The Tree of Heaven eBook

This eBook from the Gutenberg Project consists of approximately 398 pages of information about The Tree of Heaven.

So Vera consented to be received surreptitiously, by herself, and without receiving Frances and Anthony in her turn.  It had hurt her; but Stephen’s celebrity was a dressing to her wound.  He was so distinguished that it was unlikely that Frances, or Anthony either, would ever have been received by him without Vera.  She came, looking half cynical, half pathetic, her beauty a little blurred, a little beaten after seventeen years of passion and danger, saying that she wasn’t going to force Larry down their throats if they didn’t like him; and she went away sustained by her sense of his distinction and his repudiations.

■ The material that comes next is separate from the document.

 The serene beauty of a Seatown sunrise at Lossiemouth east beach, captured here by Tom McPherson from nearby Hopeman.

And she found further support in her knowledge that, if Frances and Anthony could resist Lawrence, their children couldn’t.  Michael and Dorothy were acquiring a taste for him and for the people he knew; and he knew almost everybody who was worth knowing.  To be seen at the parties he and Vera gave in St. John’s Wood was itself distinction.  Vera had never forgotten and never would forget what Anthony and Frances had done for her and Ferdie when they took Veronica.  She wanted to make up, to pay back, to help their children as they had helped her child; to give the best she had, and do what they, poor darlings, couldn’t possibly have done.  Nicholas was all right; but Michael’s case was lamentable.  In his family and in the dull round of their acquaintance there was not anybody who was likely to be of the least use to Michael; not anybody that he cared to know.  No wonder that he kept up his old attitude of refusing to go to the party.  Lawrence Stephen had promised her that he would help Michael.

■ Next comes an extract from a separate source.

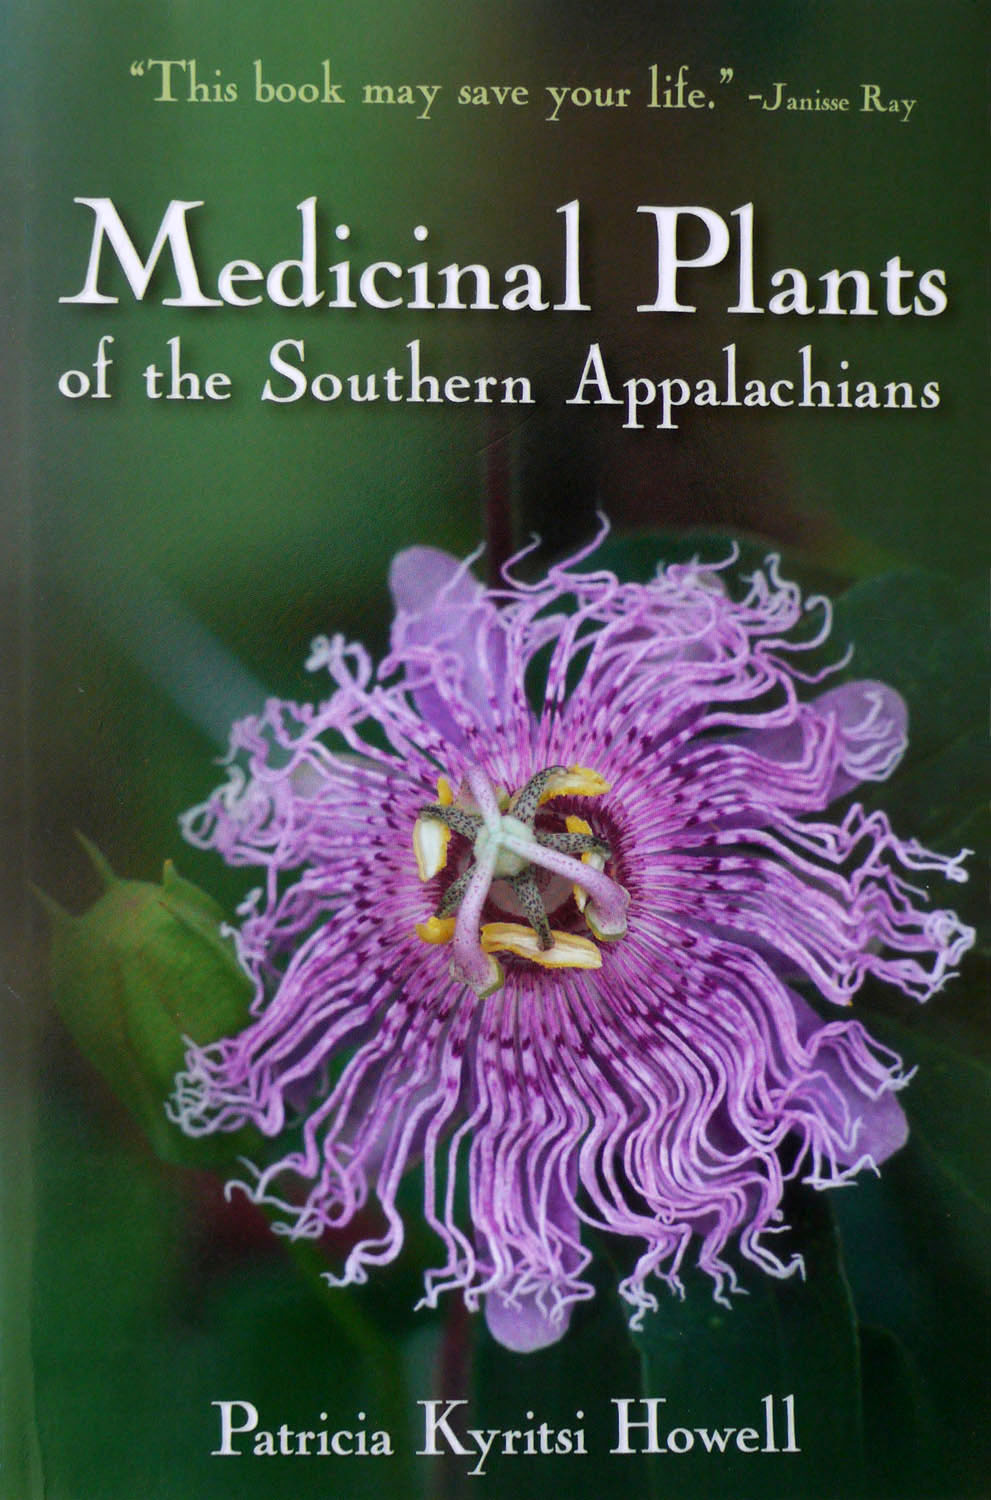 Medicinal-Plants-of-the-Southern-Appalachians-1

And Frances was afraid.  She saw her children, Michael, Nicholas and Dorothy, swept every day a little farther from the firm, well-ordered sanctities, a little nearer to the unclean moral vortex that to her was the most redoubtable of all.  She hid her fear, because in her wisdom she knew that to show fear was not the way to keep her children.  She hid her strength because she knew that to show it was not the way.  Her strength was in their love of her.  She had only used it once when she had stopped Nicky from going into the Army.  She had said to herself then, “I will never do that again.”  It wasn’t fair.  It was a sort of sacrilege, a treachery.  Love was holy; it should never be used, never be bargained with.  She tried to hold the balance even between their youth and their maturity.

So Frances fought her fear.

She had known that Ferdie Cameron was good, as she put it, “in spite of everything”; but she had not seen Lawrence Stephen, and she did not know that he had sensibilities and prejudices and scruples like her own, and that he and Vera distinguished very carefully between the people who would be good for Michael and Nicholas and Dorothy, and the people who would not.  She did not know that they both drew the line at Desmond.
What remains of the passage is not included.